Mateusz Bagiński comments on Implications of the inference scaling paradigm for AI safety

Mateusz Bagiński 17 Jan 2025 14:18 UTC
4 points
1

(caveat they initially distil from a much larger model, which I see as a little bit of a cheat)

Another little bit of a cheat is that they only train Qwen2.5-Math-7B according to the procedure described. In contrast, for the other three models (smaller than Qwen2.5-Math-7B), they instead use the fine-tuned Qwen2.5-Math-7B to generate the training data to bootstrap round 4. (Basically, they distill from DeepSeek in round 1 and then they distill from fine-tuned Qwen in round 4.)

They justify:

Due to limited GPU resources, we performed 4 rounds of self-evolution exclusively on Qwen2.5-Math-7B, yielding 4 evolved policy SLMs (Table 3) and 4 PPMs (Table 4). For the other 3 policy LLMs, we fine-tune them using step-by-step verified trajectories generated from Qwen2.5-Math-7B’s 4th round. The final PPM from this round is then used as the reward model for the 3 policy SLMs.

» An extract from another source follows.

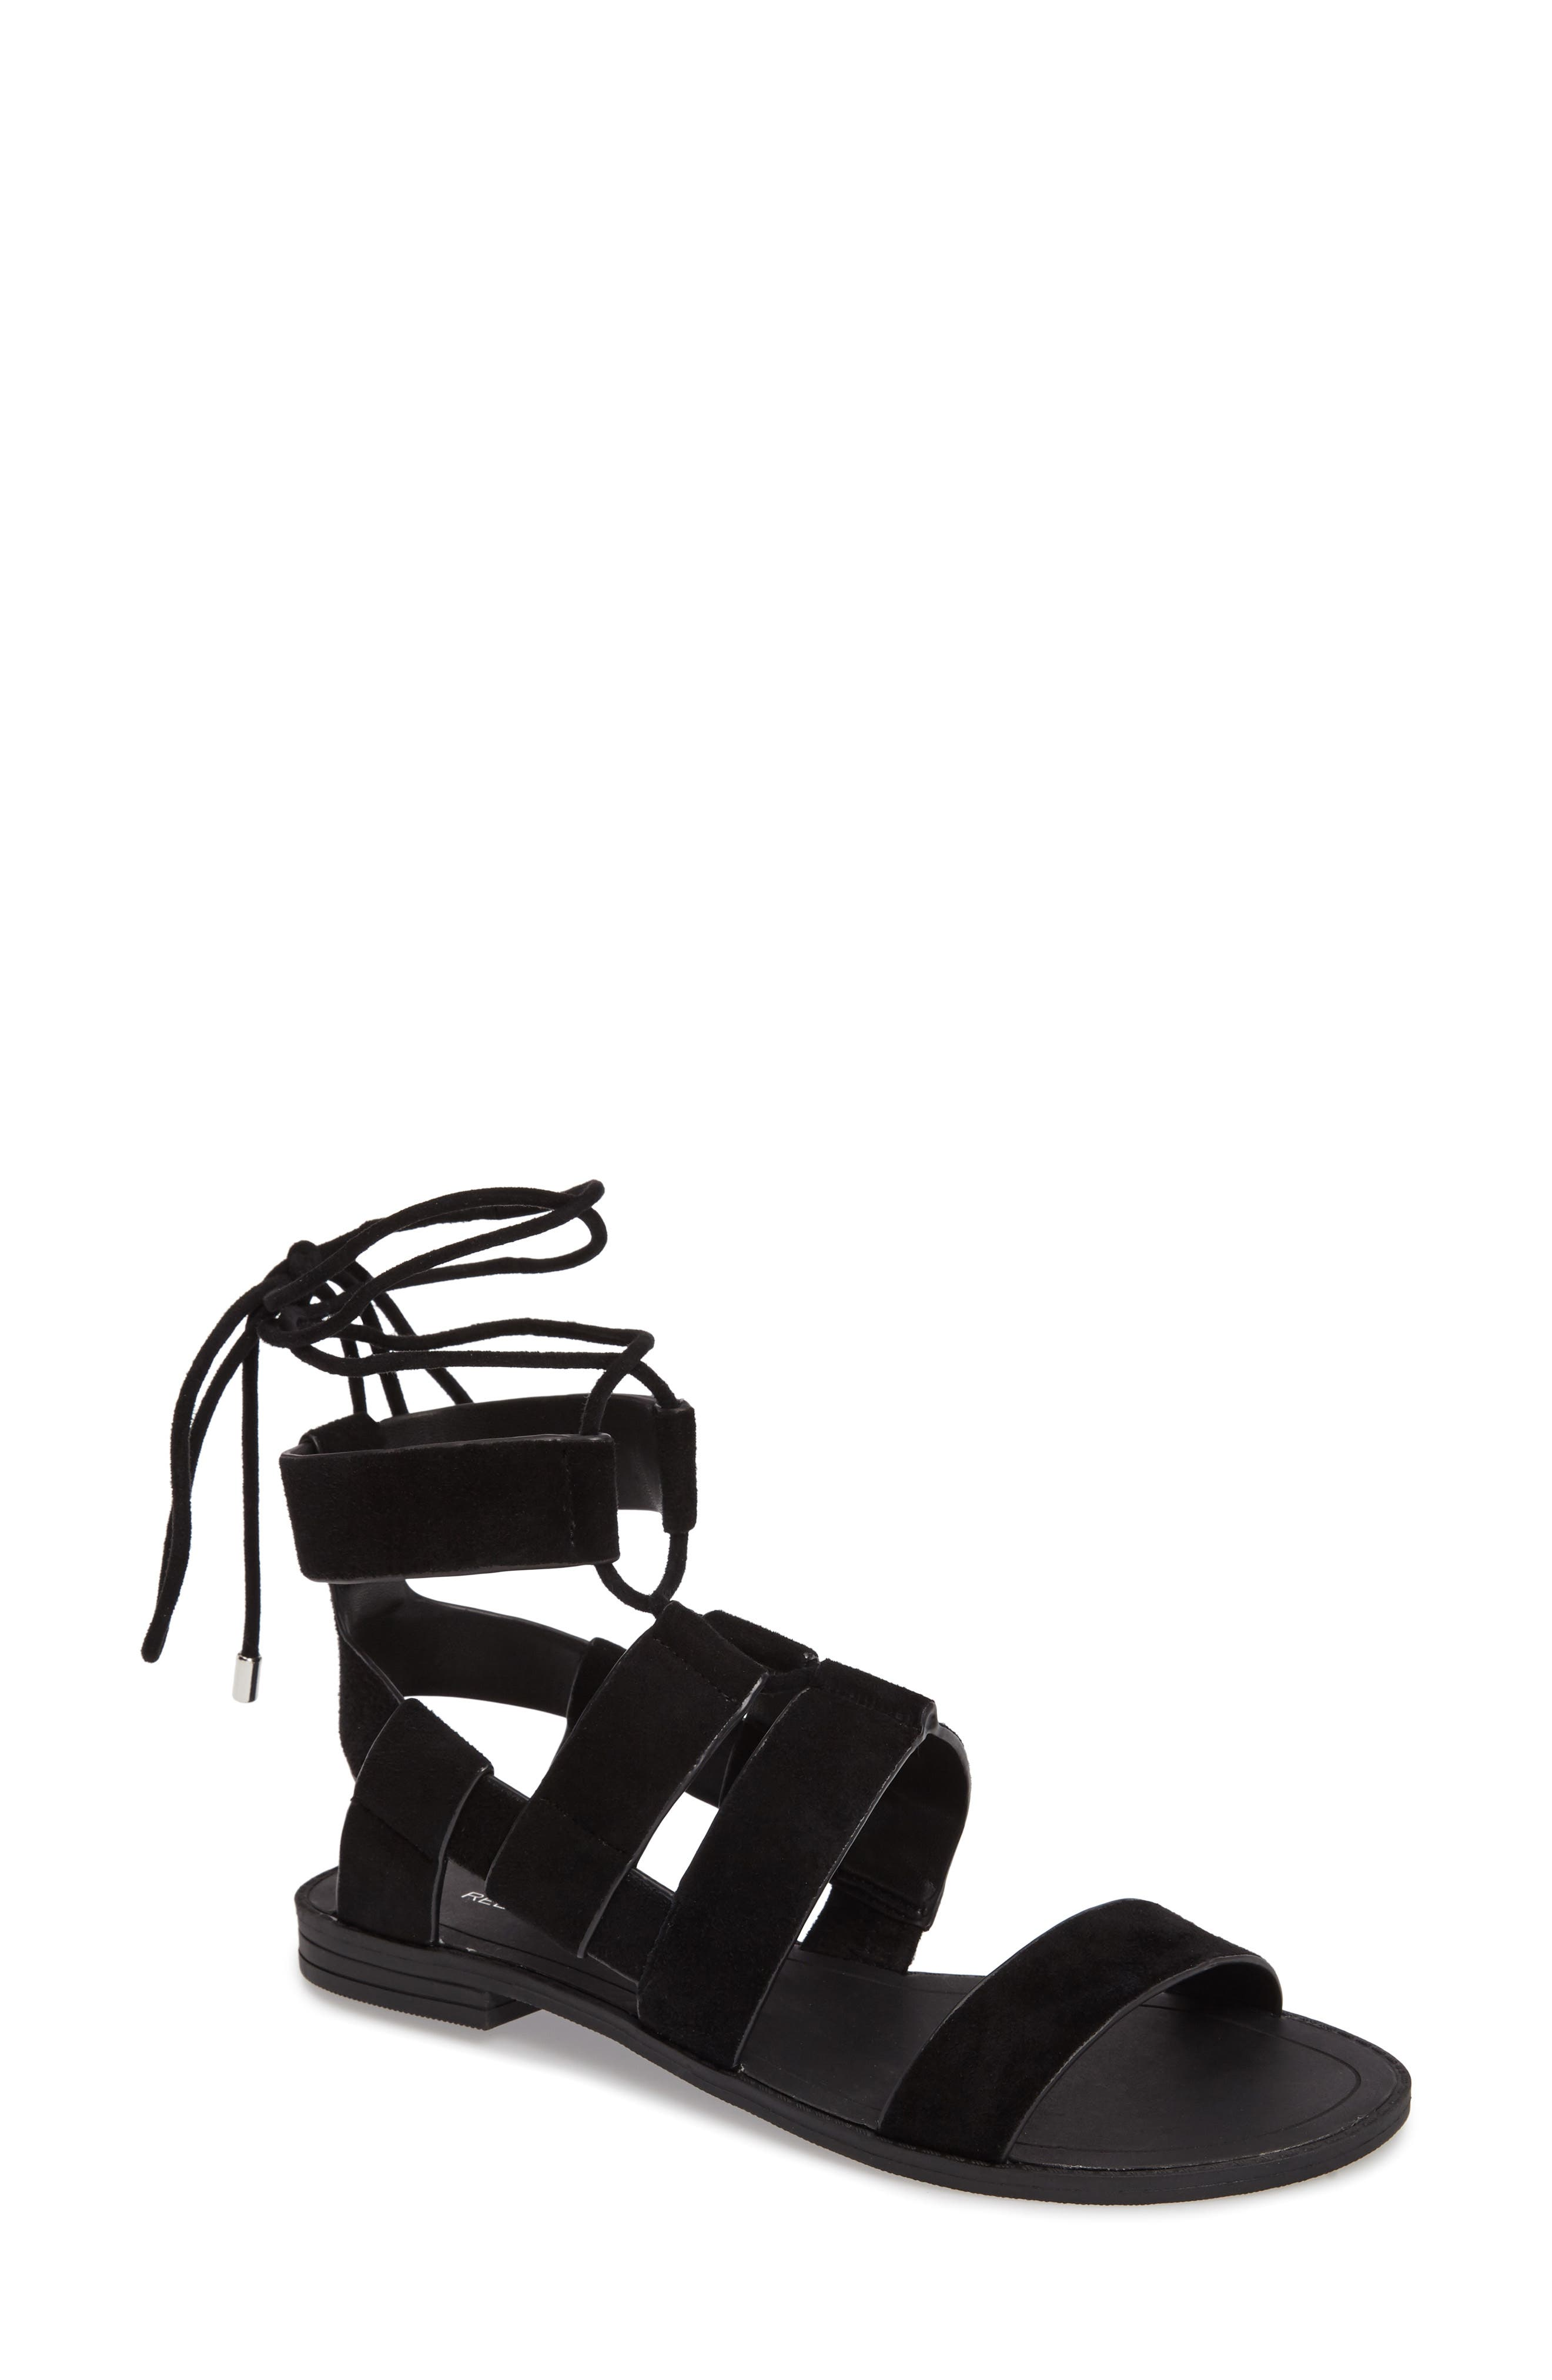 Giada Strappy Sandal,                         Main,                         color, 001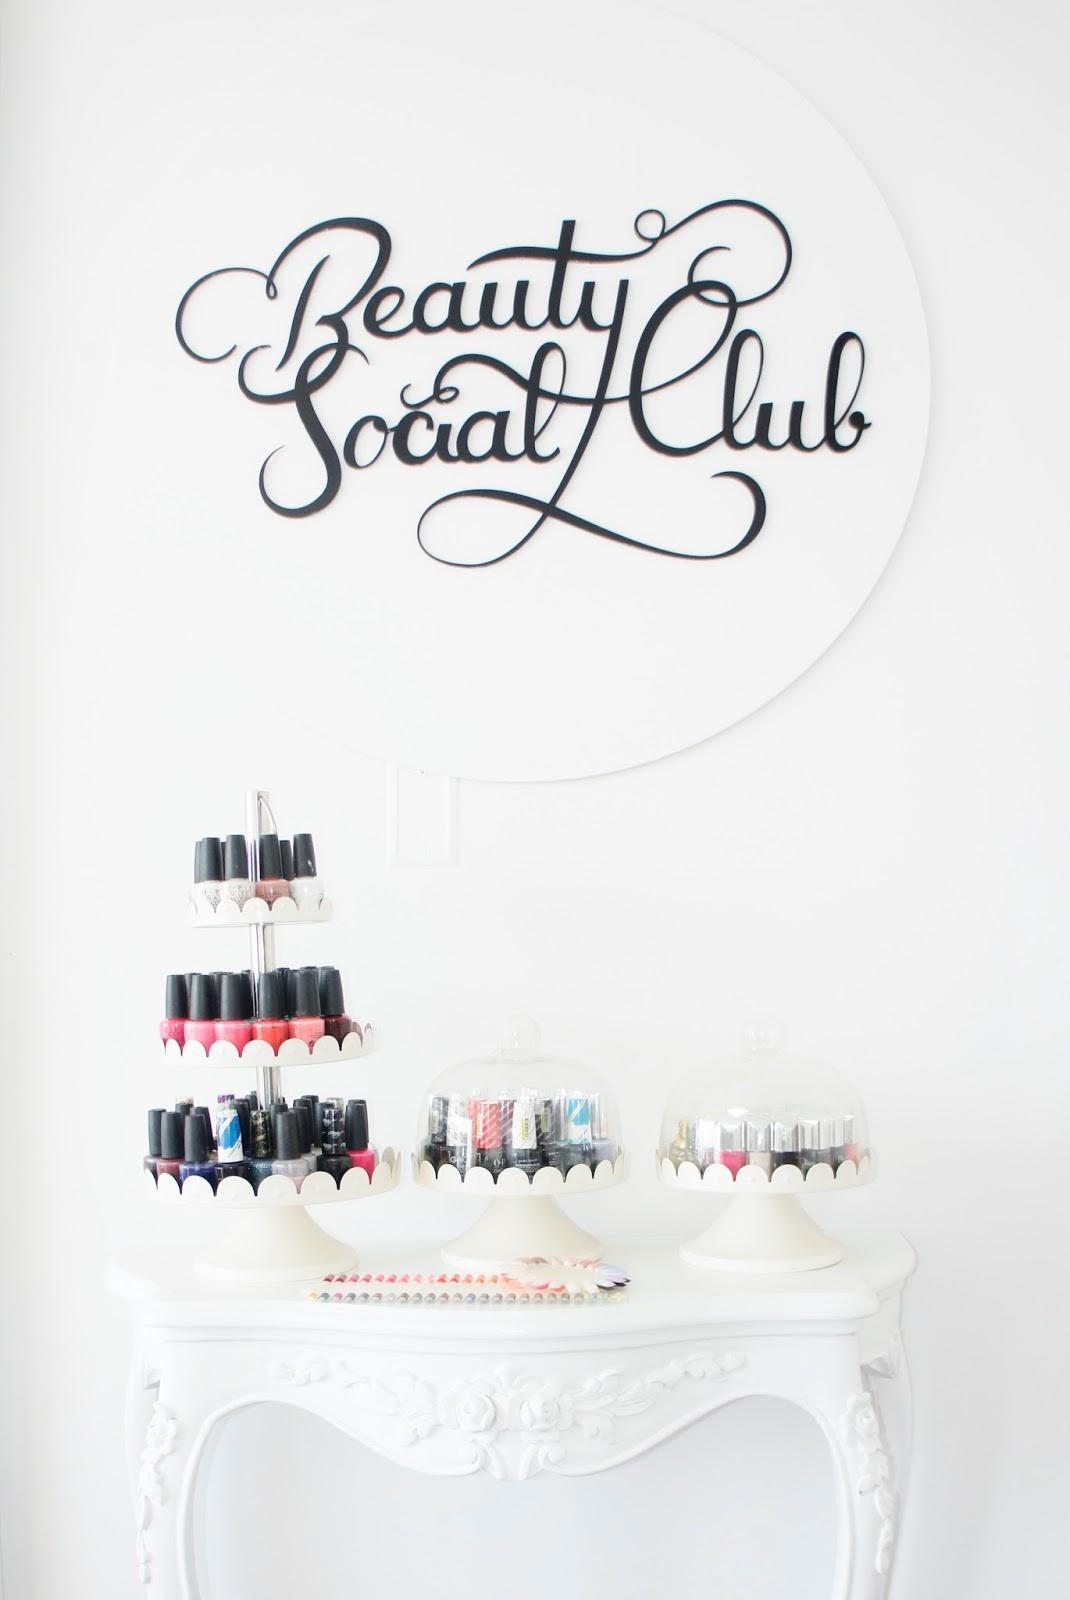 Beauty Social Club

TBH I’m not sure how this helps them with saving on GPU resources. For some reason it’s cheaper to generate a lot of big/long rollouts with the Qwen2.5-Math-7B-r4 than three times with [smaller model]-r3?)
- wassname 17 Jan 2025 23:46 UTC
  3 points
  2
  Parent
  It doesn’t make sense to me either, but it does seem to invalidate the “bootstrapping” results for the other 3 models. Maybe it’s because they could batch all reward model requests into one instance.
  
  When MS doesn’t have enough compute to do their evals, the rest of us may struggle!